Strict checking of correctness of containing type by Core Reflection
Alex Buckley
alex.buckley at oracle.com
Thu Mar 7 16:48:01 PST 2013
Hi Joel,
Yes, the compile-time definition of "containing annotation type" TC has
constraints on TC's value element, non-value elements, retention,
applicability (@Target), documentation, and inheritance.
I agree with your sharp observation that, for an instance of TC at
run-time, it is possible for getAnnotationsByType(T.class) to ignore
TC's non-value elements, retention, and documentation. The first two are
inherently correct at run-time, while the third is insignificant.

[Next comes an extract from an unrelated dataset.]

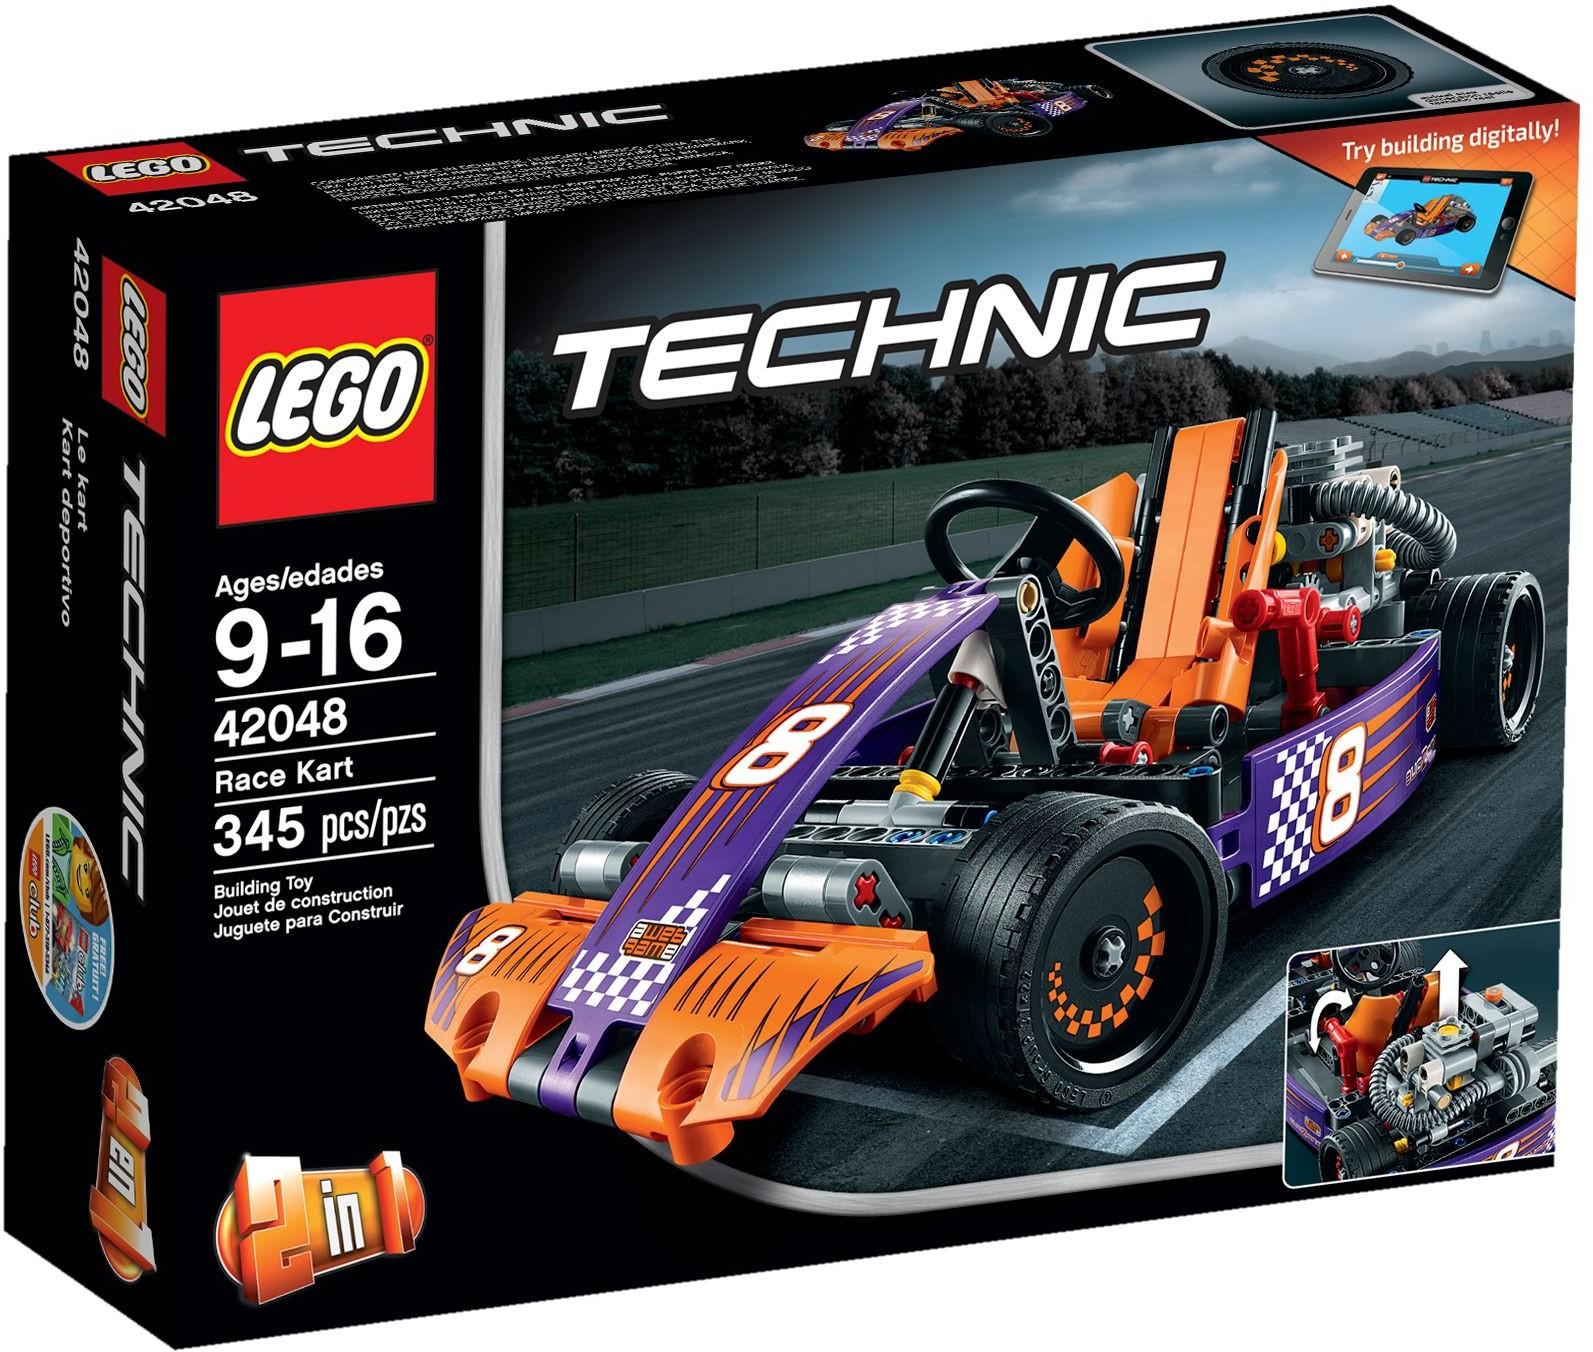 LEGO # 42048 TECHNIC Race Kart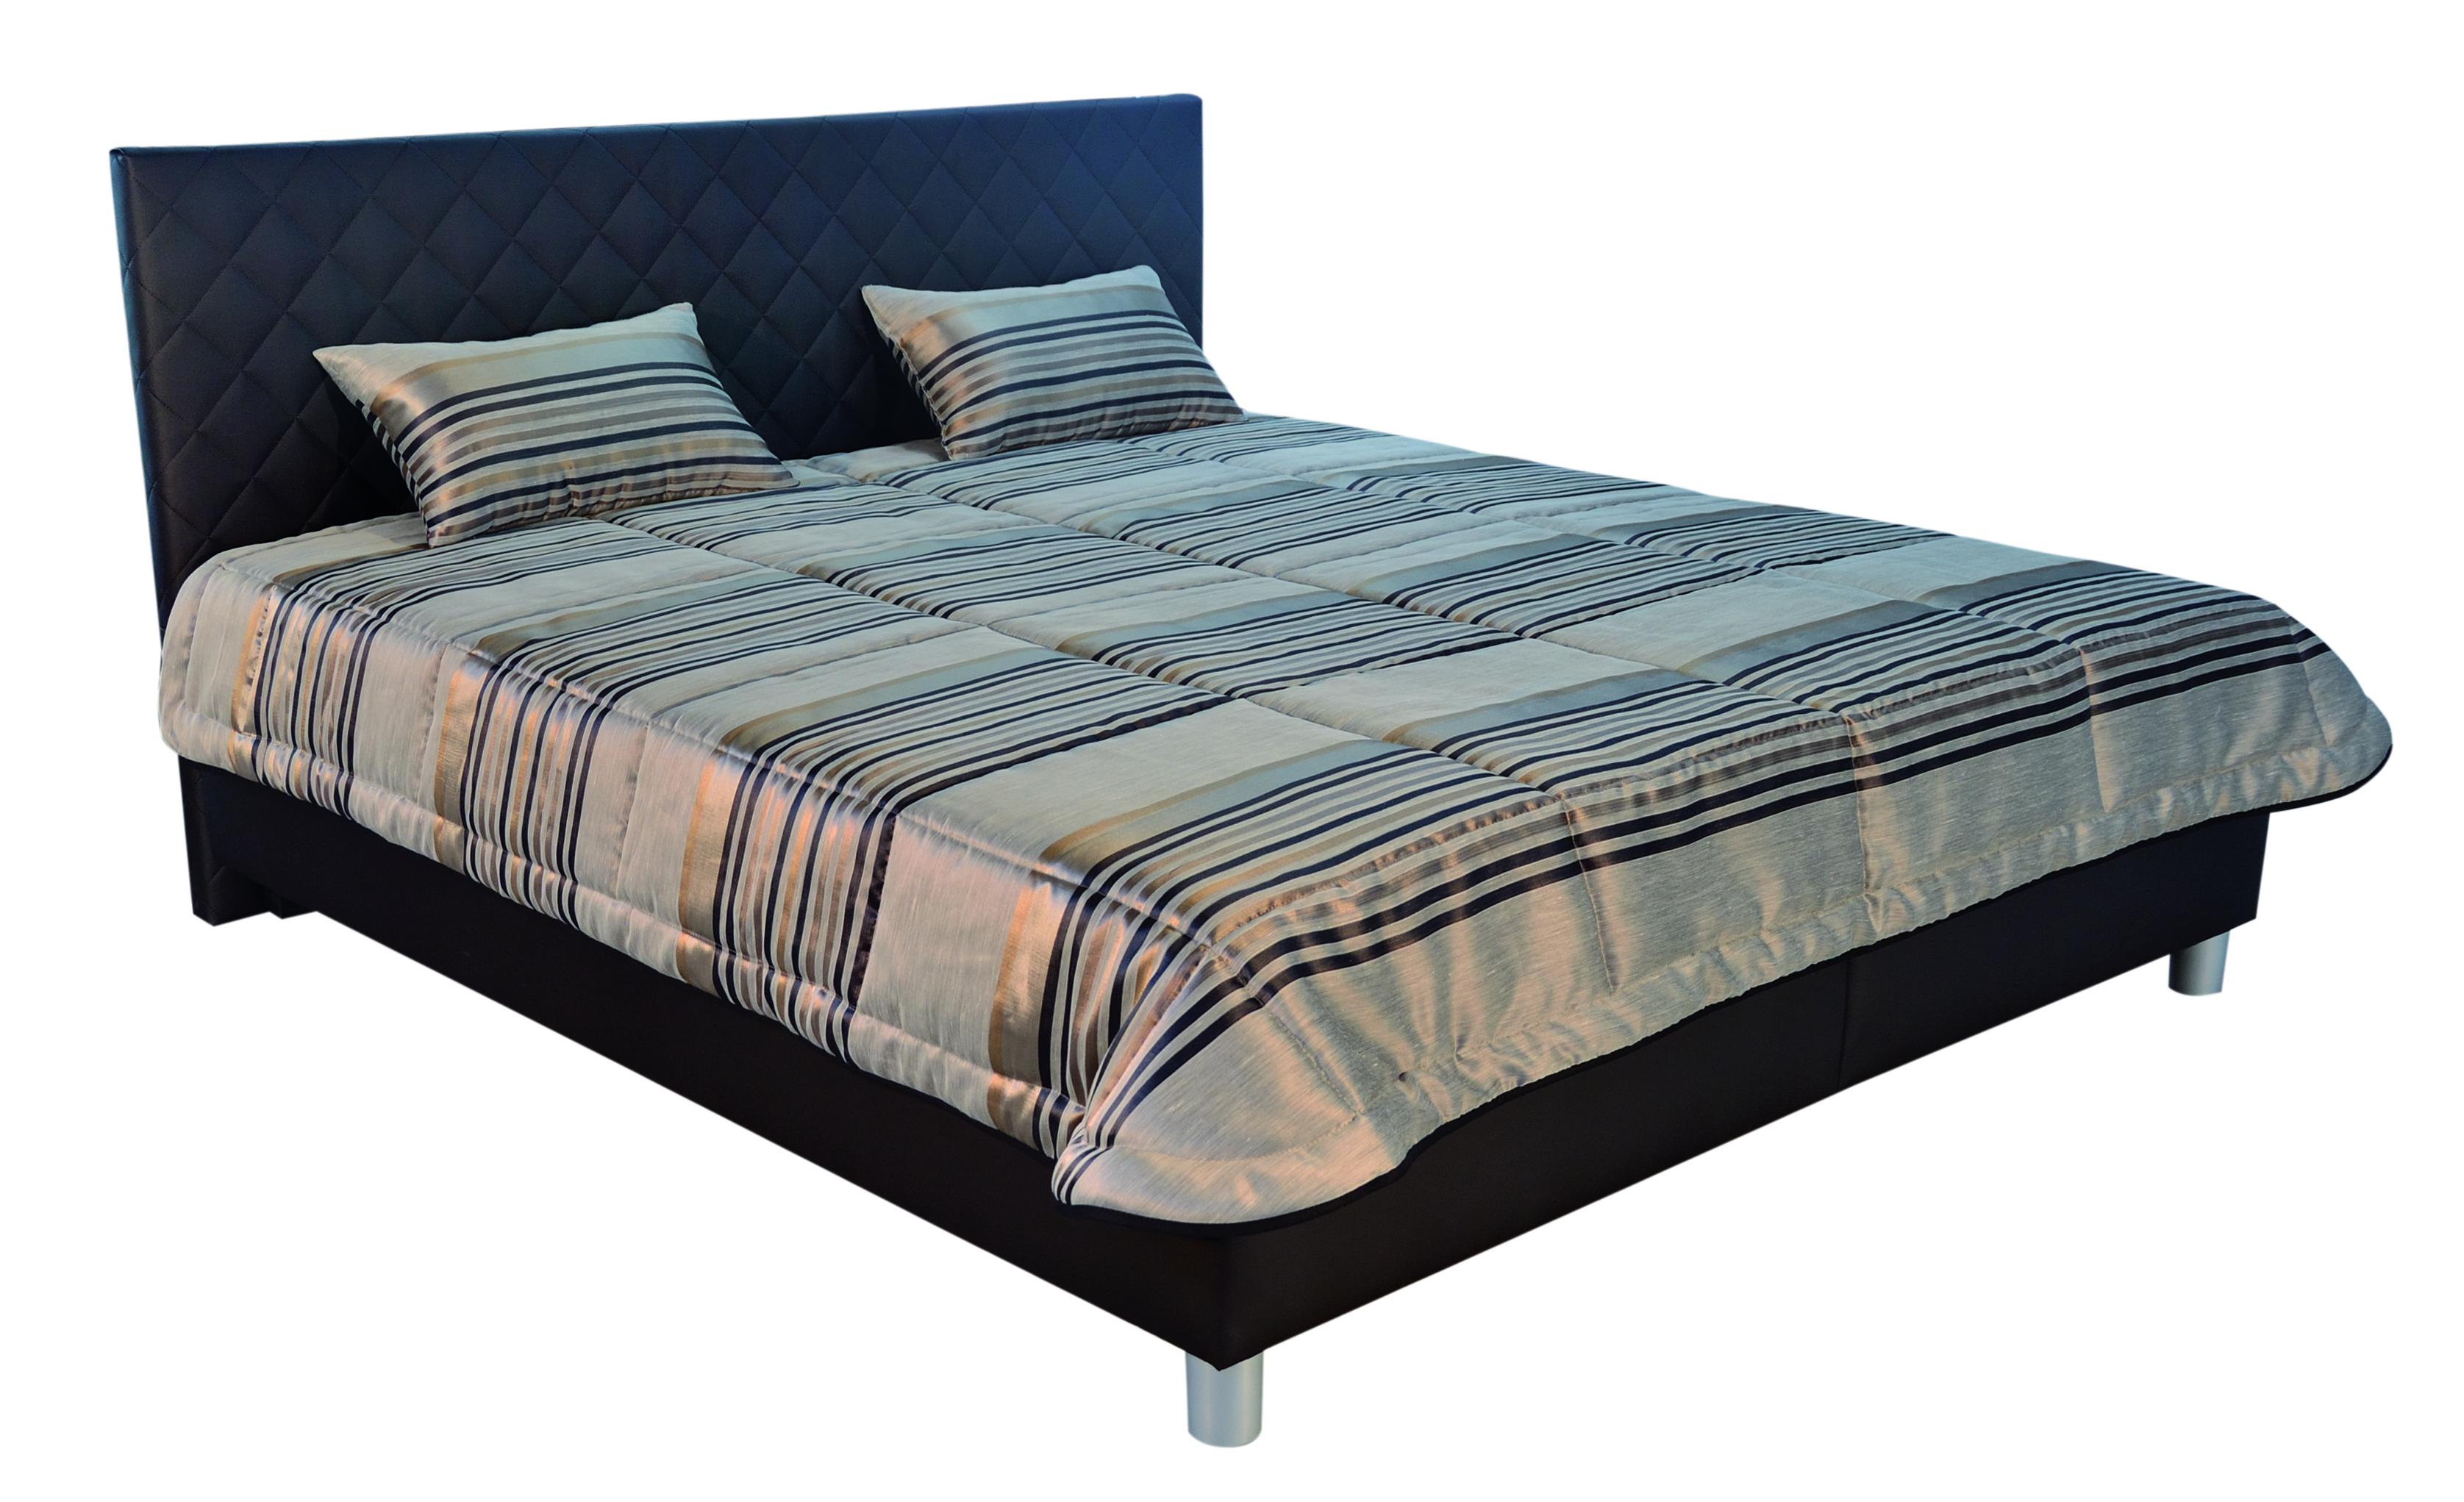 Manželská postel 180 cm - Blanář - Reflex (s rošty a matracemi)

I think TC's applicability is insignificant too. At run-time, it could
be inapplicable to the element on which reflection finds @TC(value=...),
but the fact that @TC is found means TC (and actually T also) must have
been applicable there at compile-time. I think it's fine for
getAnnotationsByType(T.class) to unpack the packed @T's which were
repeated legally in the source program.
Finally, inheritance. If T and TC are both @Inherited, and @T @T is
applied to a class X, then removing @Inherited from TC would presumably
cause getAnnotationsByType(T.class) to not see @TC on subclass Y and so
not expose @T @T. That's a potentially serious behavioral
incompatibility for clients reflecting over Y. Should we stop the client
with an AnnotationFormatError? Maybe not. It is rather appealing to
check only the presence of a T[]-typed value element.
Alex
On 3/7/2013 4:38 AM, Joel Borggrén-Franck wrote:
> Hi Experts,
>
> The latest 8misc.pdf currently define 6 criteria for a type TC to be the
> a containing type for T, further T is repeatable if(f) T is annotated
> with a @Repeatable annotation indicating TC, the containing type for T.
>
> The javadoc for AnnotatedElement says that the new methods
> get*AnnotationsByType(Class) detects if the argument is a repeatable
> annotation type and in that case does the look through to find repeated
> instances. My interpretation of the wording "*repeatable annotation
> type* (JLS 9.6)" from the method javadoc is that the @Repeatable
> meta-annotation indicating TC _and_ all 6 correctness criteria on TC
> should be checked and enforced at runtime. If one or more fails an
> AnnotationFormatError should be thrown.
>
> This is however not strictly necessary in order to unpack the container.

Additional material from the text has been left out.